THE PROBLEM: Some of the lines below need repeating. Reproduce exactly those between the lines holding "Bedroom Sconces |" and "Mejores tipografías para", inclusive.

SUPPLIED DATA:
++++++
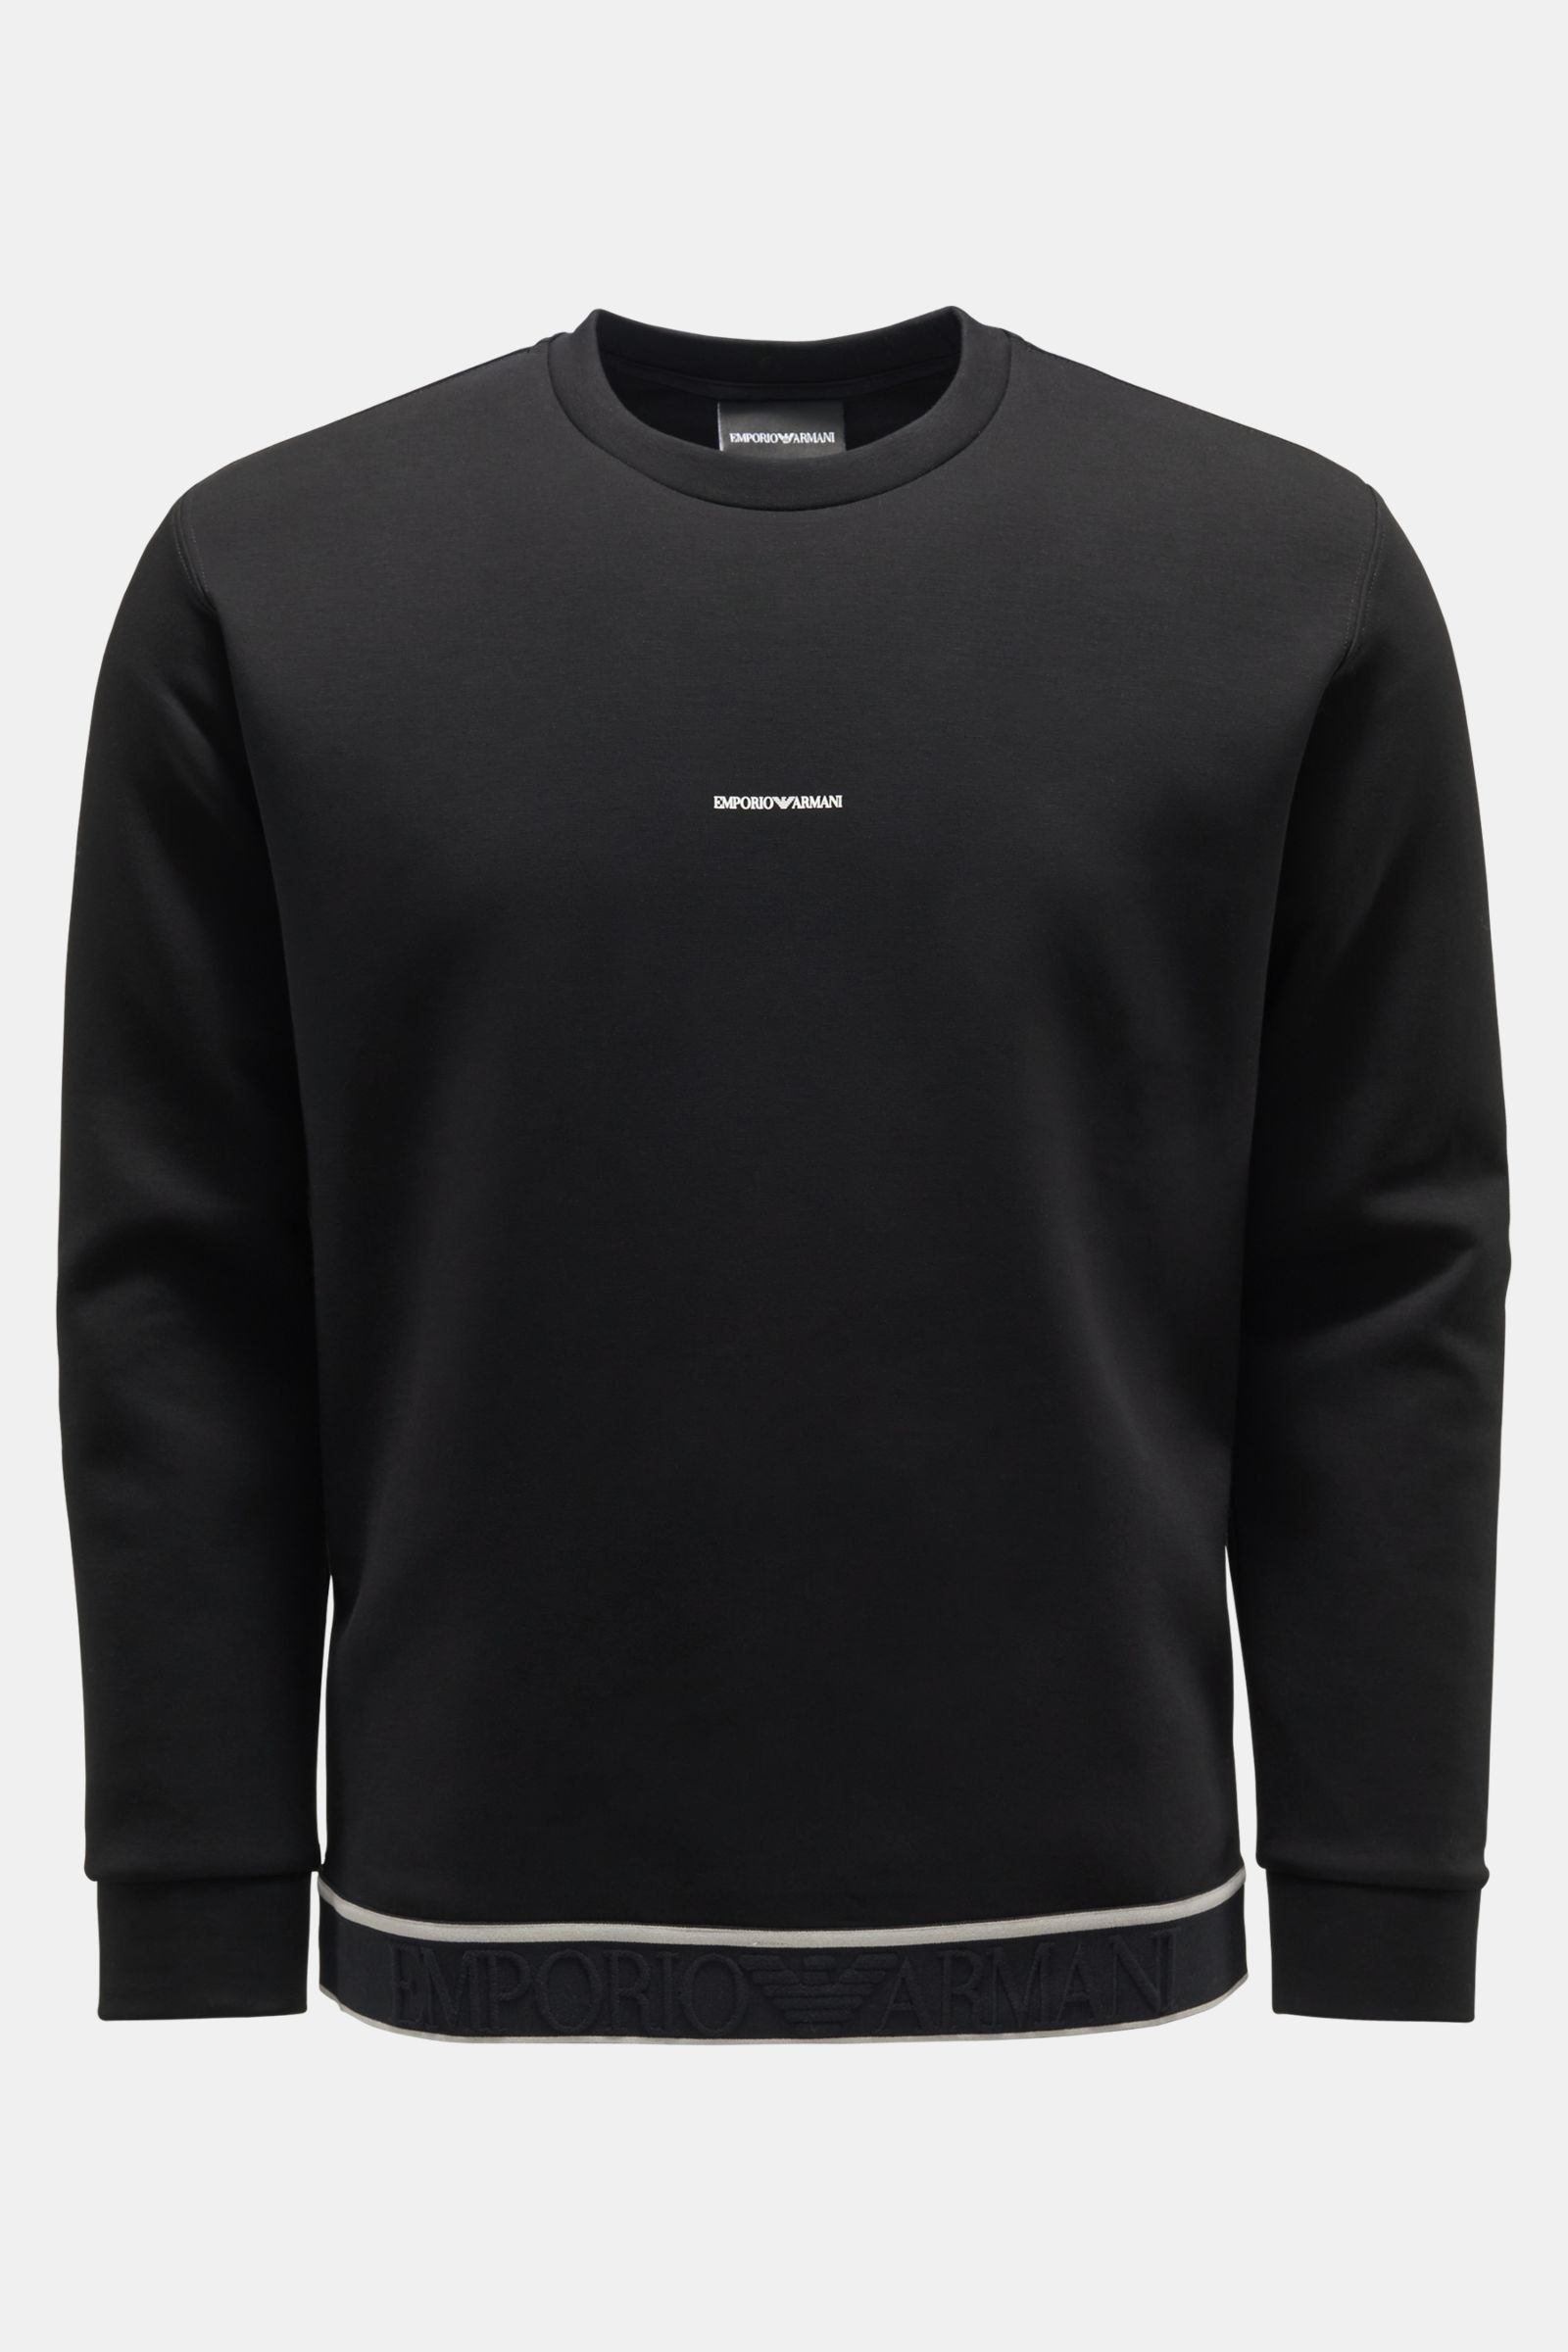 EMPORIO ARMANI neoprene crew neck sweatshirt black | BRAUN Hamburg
++++++
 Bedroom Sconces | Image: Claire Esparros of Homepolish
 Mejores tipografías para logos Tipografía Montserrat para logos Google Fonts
++++++
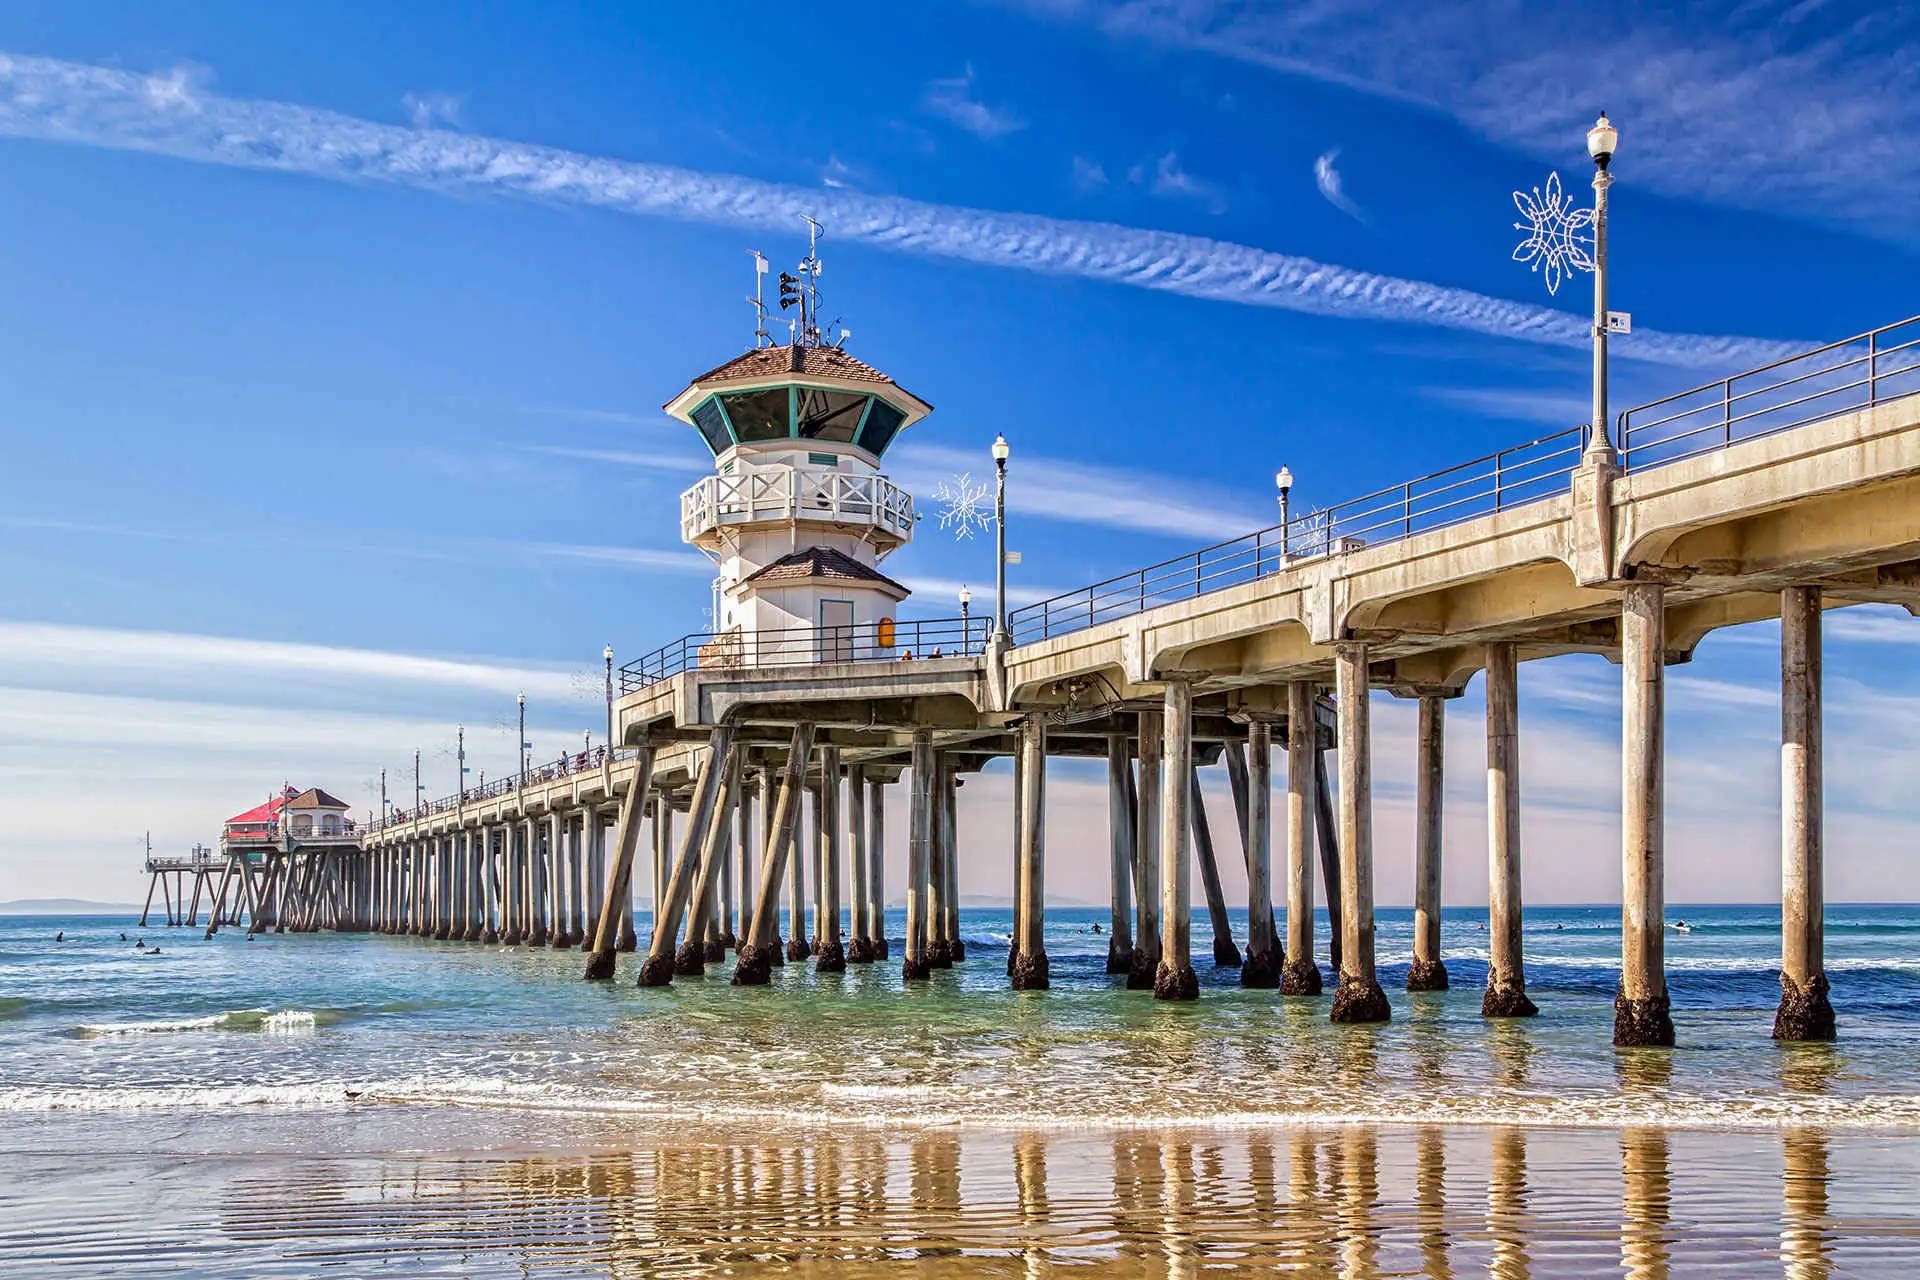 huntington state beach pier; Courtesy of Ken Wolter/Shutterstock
++++++
SOLUTION FOR THIS TASK:
 Bedroom Sconces | Image: Claire Esparros of Homepolish
 Mejores tipografías para logos Tipografía Montserrat para logos Google Fonts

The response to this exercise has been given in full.